The ring will be metallic, typically aluminum or titanium, and may be formed in segments. The seal material is applied to the groove in the ring or ring segment as follows. The groove is cleaned using conventional techniques. We prefer to anodize the cleaned groove surface when producing new parts, when overhauling parts, we have used chromate conversion coating such as Iridite 14-2 from the MacDermid Company in Wallingford, Conn. on the groove surfaces. Anodizing and chromate conversion are preferred but may not be required for all applications.
While the invention materials previously described will adhere to metallic surfaces, whether bare, anodized or with a chromate conversion coating, adherence is generally improved through the use of an appropriate primer material which is applied to the surface prior to the application of the particulate filled polymer material. The primer material will generally be supplied or specified by the silicone matrix supplier, typical generally useful primers include DC-1200 primer from Dow Corning Company of Midland Mich., Visilox V-06 from the Rhodia Corporation of Troy N.Y. and SP270 from the NuSil Corporation of Carpenteria, Calif.
The ring or ring segment is provided with a mandrel which conforms to the inner surface of the ring sealing the groove and leaving an annular cavity to accept the particle filled silicone sealer of the invention. The mandrel has one or more apertures through which the silicone polymeric particle containing material can be injected.

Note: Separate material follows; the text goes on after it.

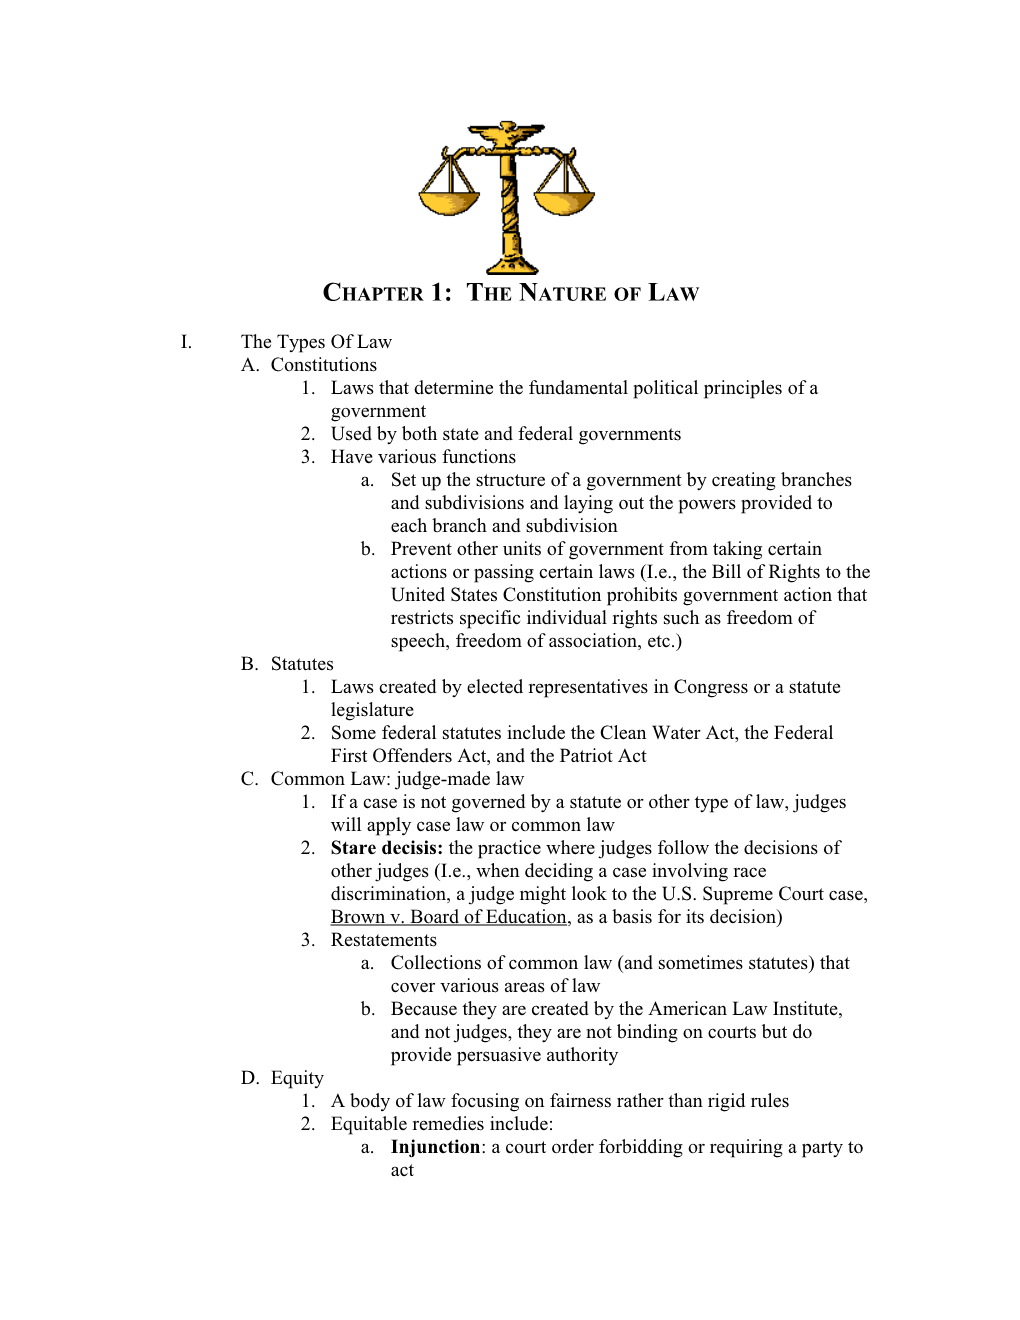 Chapter 1: the Nature of Law

The silicone polymeric particle containing material is injected into and fills the annular cavity. After the annular cavity is filled the apertures through which the material has been injected are closed and the filled ring or ring segment (along with the mandrel) is placed in an oven for curing. Curing is typically performed at temperatures between 300xc2x0 F. and 400xc2x0 F. for times of one to two hours or as otherwise recommended by the silicone producer.
After curing, the ring and mandrel are removed from the oven, the mandrel is removed, and the ring segment with the groove containing the silicone/particulate abradable rather may be further heat cured as appropriate.